August 28. 2025

Revisiting the State of the Law in ERISA Forfeitures Cases

Share

On July 14, 2025, we published a detailed Legal Update describing the state of the law with respect to the ongoing wave of ERISA forfeiture lawsuits. This Legal Update analyzes the material developments that we have seen over the past six weeks, which include additional motion to dismiss rulings and a growing number of pending appeals.

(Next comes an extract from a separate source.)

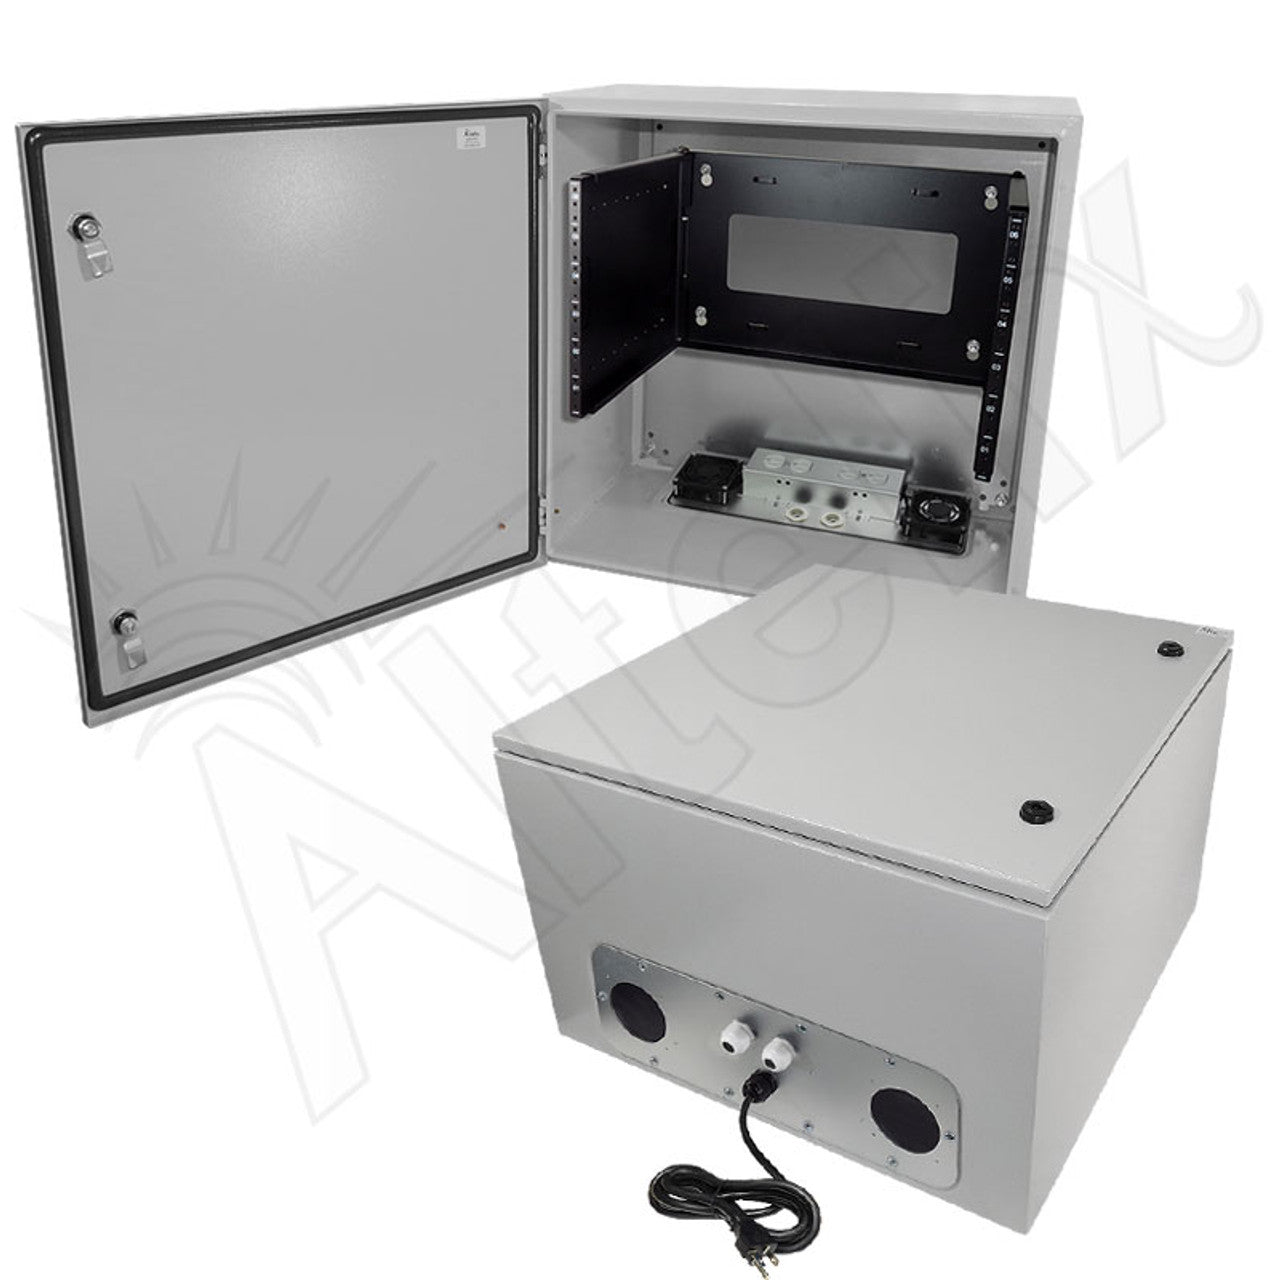 Altelix 120VAC 20A Steel NEMA Enclosure for UPS Power Systems with 19" Wide 6U Rack, Dual Cooling Fans, 20A Power Outlets & Power Cord-3

While this Legal Update focuses on the recent legal developments in these cases, we continue to see new forfeiture lawsuits, with at least seven new cases being filed over the same time period (for a total of almost 70 forfeiture lawsuits). For a more detailed background on the forfeiture lawsuits and the claims being asserted, please see our prior Legal Update.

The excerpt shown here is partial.